From the first line to the last, repeat the data exactly and drop the pictures.

▶ Supplied data:
◇ ◇ ◇ ◇ ◇

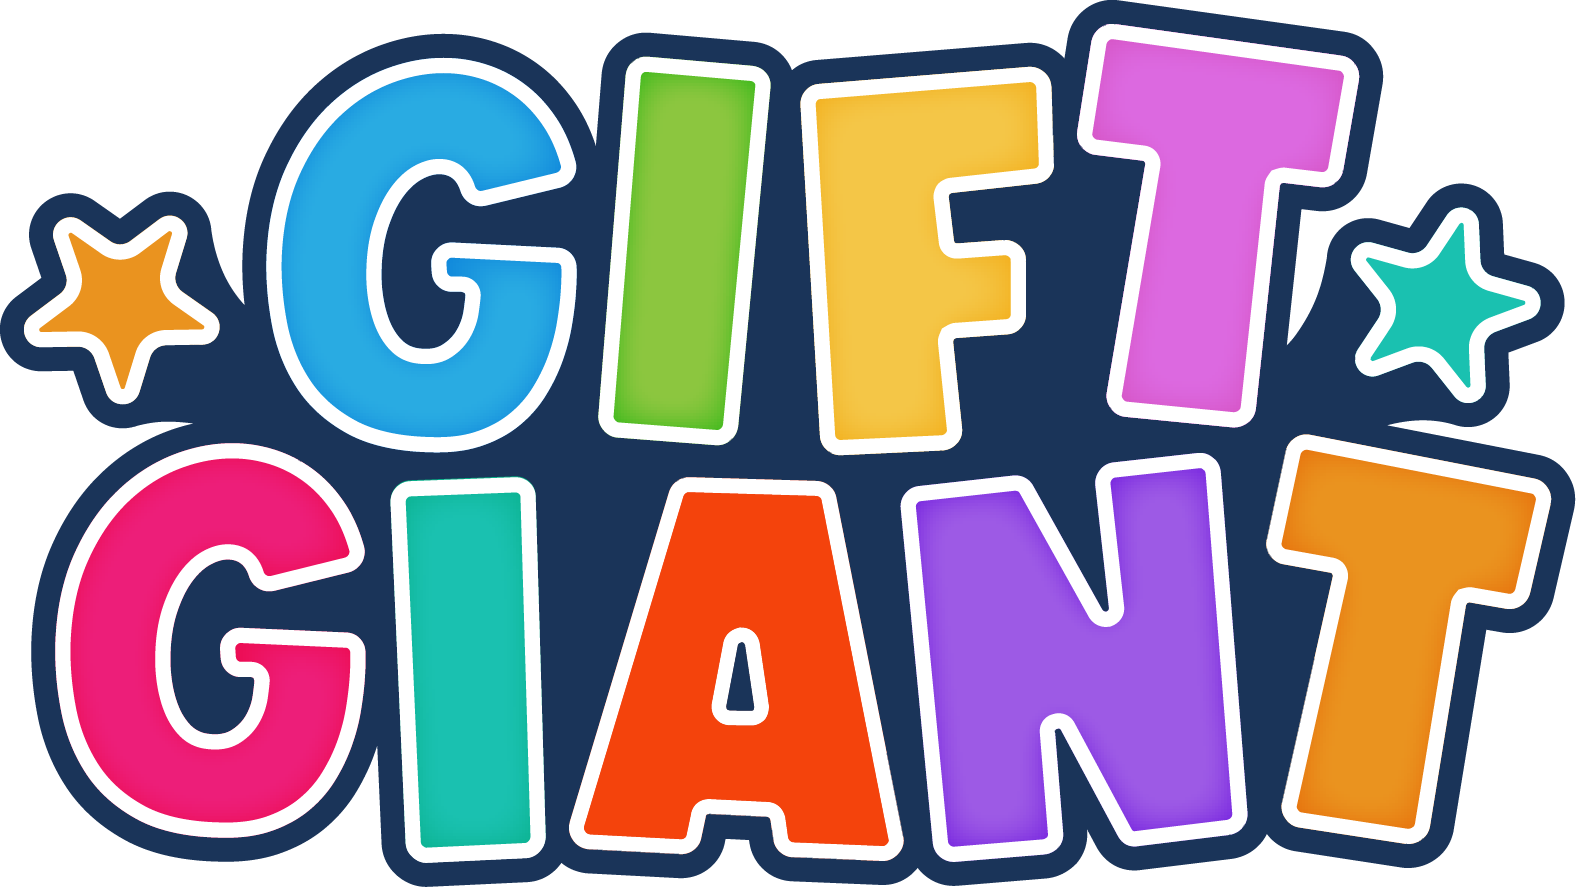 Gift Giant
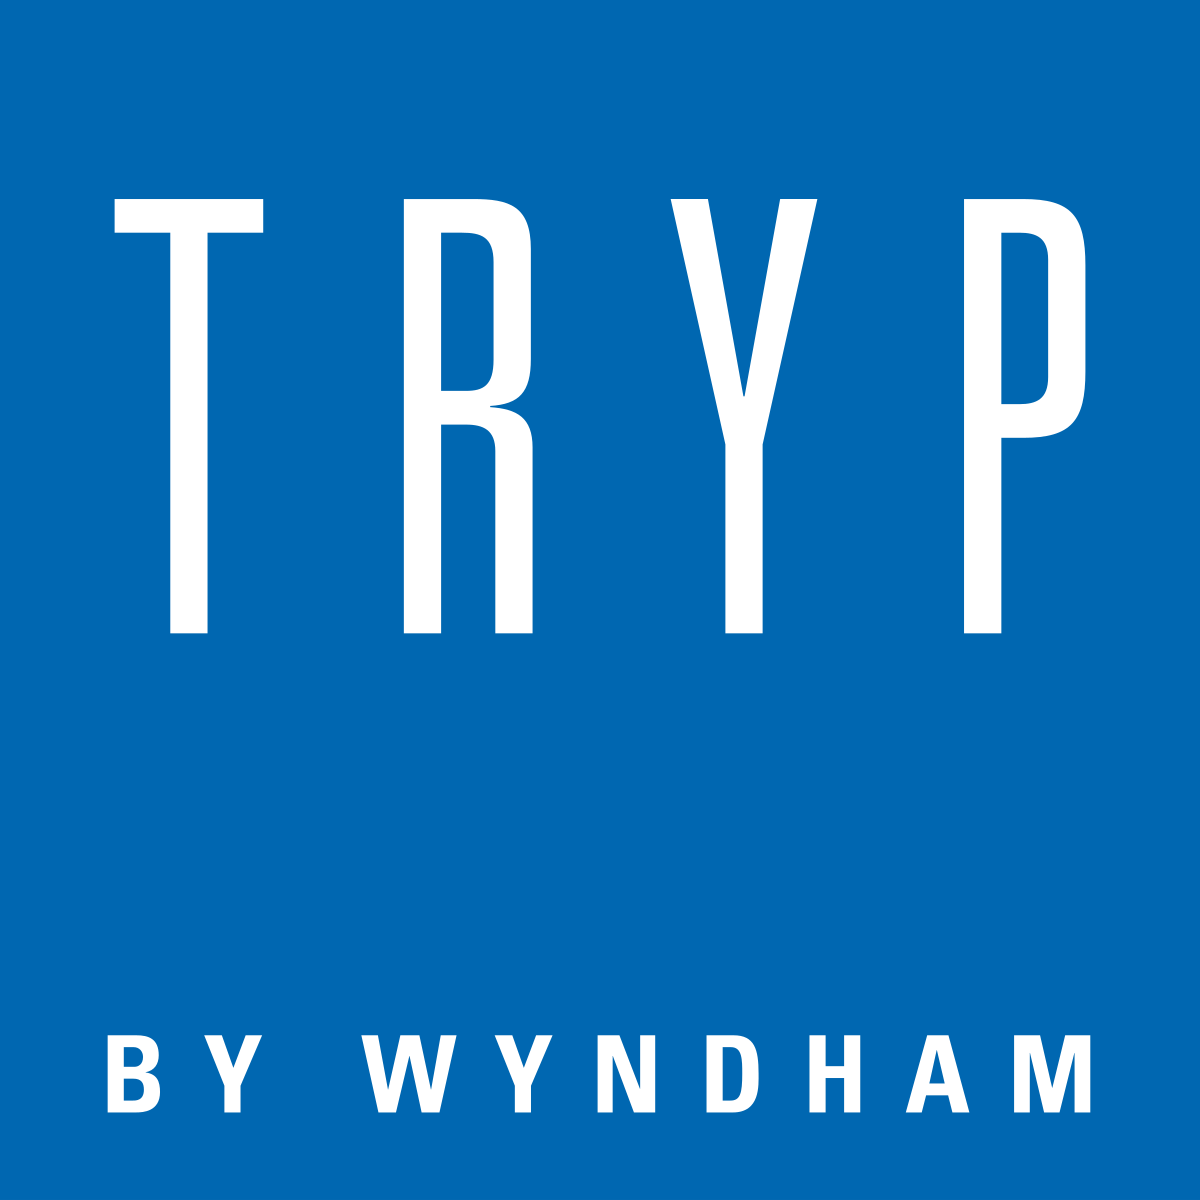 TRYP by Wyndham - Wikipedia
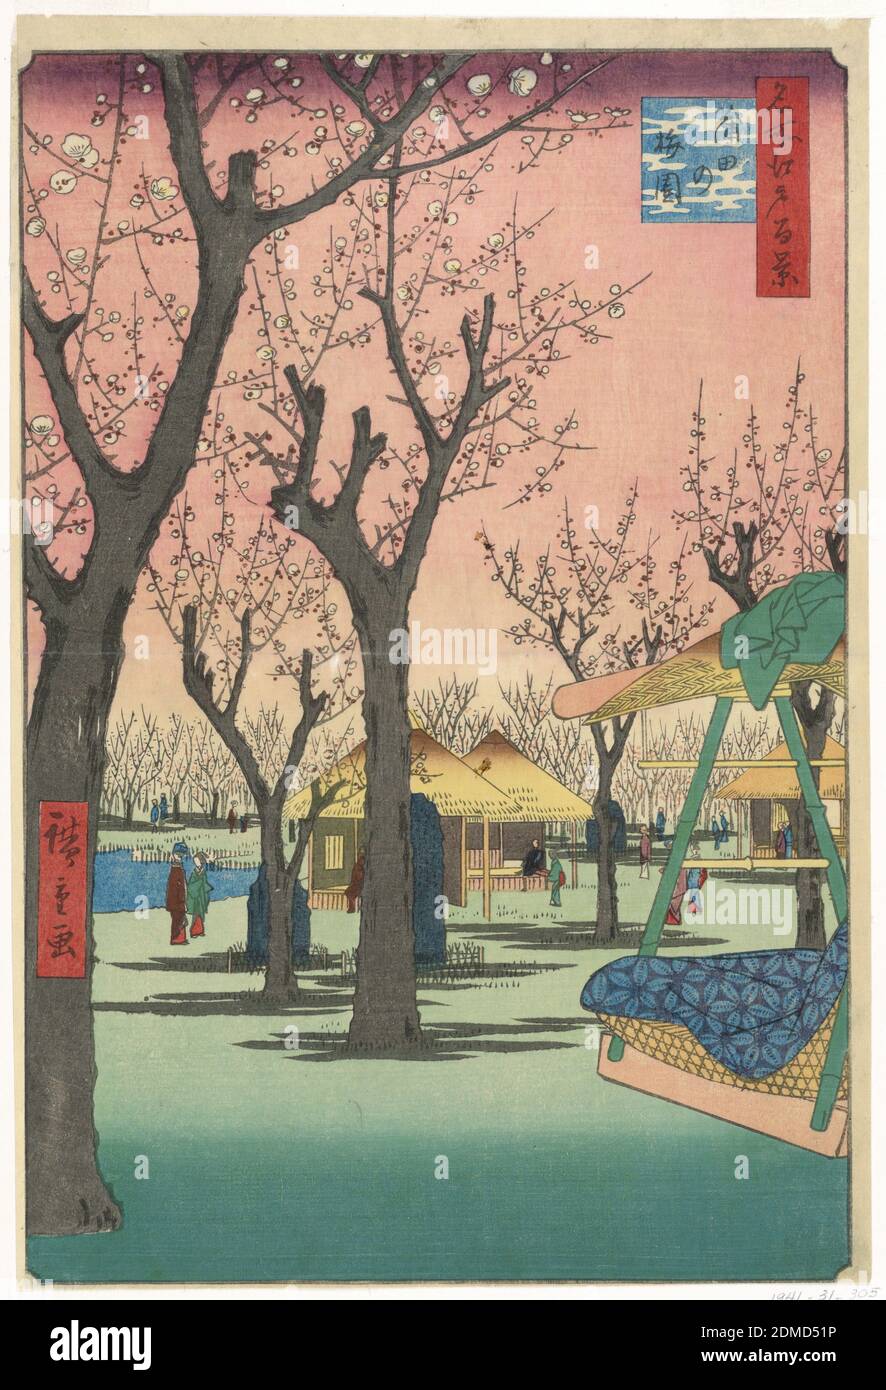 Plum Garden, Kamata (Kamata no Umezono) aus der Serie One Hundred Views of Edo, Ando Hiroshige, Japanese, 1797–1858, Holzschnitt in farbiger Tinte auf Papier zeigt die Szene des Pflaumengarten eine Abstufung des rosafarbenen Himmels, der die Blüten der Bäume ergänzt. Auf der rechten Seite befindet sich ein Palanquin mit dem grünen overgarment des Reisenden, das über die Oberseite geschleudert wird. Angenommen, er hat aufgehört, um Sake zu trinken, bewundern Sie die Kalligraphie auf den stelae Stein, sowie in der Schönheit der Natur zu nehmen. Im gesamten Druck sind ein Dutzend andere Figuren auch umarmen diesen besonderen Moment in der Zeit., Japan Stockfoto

◇ ◇ ◇ ◇ ◇

▶ Result of the exercise:
 Gift Giant
 TRYP by Wyndham - Wikipedia
 Plum Garden, Kamata (Kamata no Umezono) aus der Serie One Hundred Views of Edo, Ando Hiroshige, Japanese, 1797–1858, Holzschnitt in farbiger Tinte auf Papier zeigt die Szene des Pflaumengarten eine Abstufung des rosafarbenen Himmels, der die Blüten der Bäume ergänzt. Auf der rechten Seite befindet sich ein Palanquin mit dem grünen overgarment des Reisenden, das über die Oberseite geschleudert wird. Angenommen, er hat aufgehört, um Sake zu trinken, bewundern Sie die Kalligraphie auf den stelae Stein, sowie in der Schönheit der Natur zu nehmen. Im gesamten Druck sind ein Dutzend andere Figuren auch umarmen diesen besonderen Moment in der Zeit., Japan Stockfoto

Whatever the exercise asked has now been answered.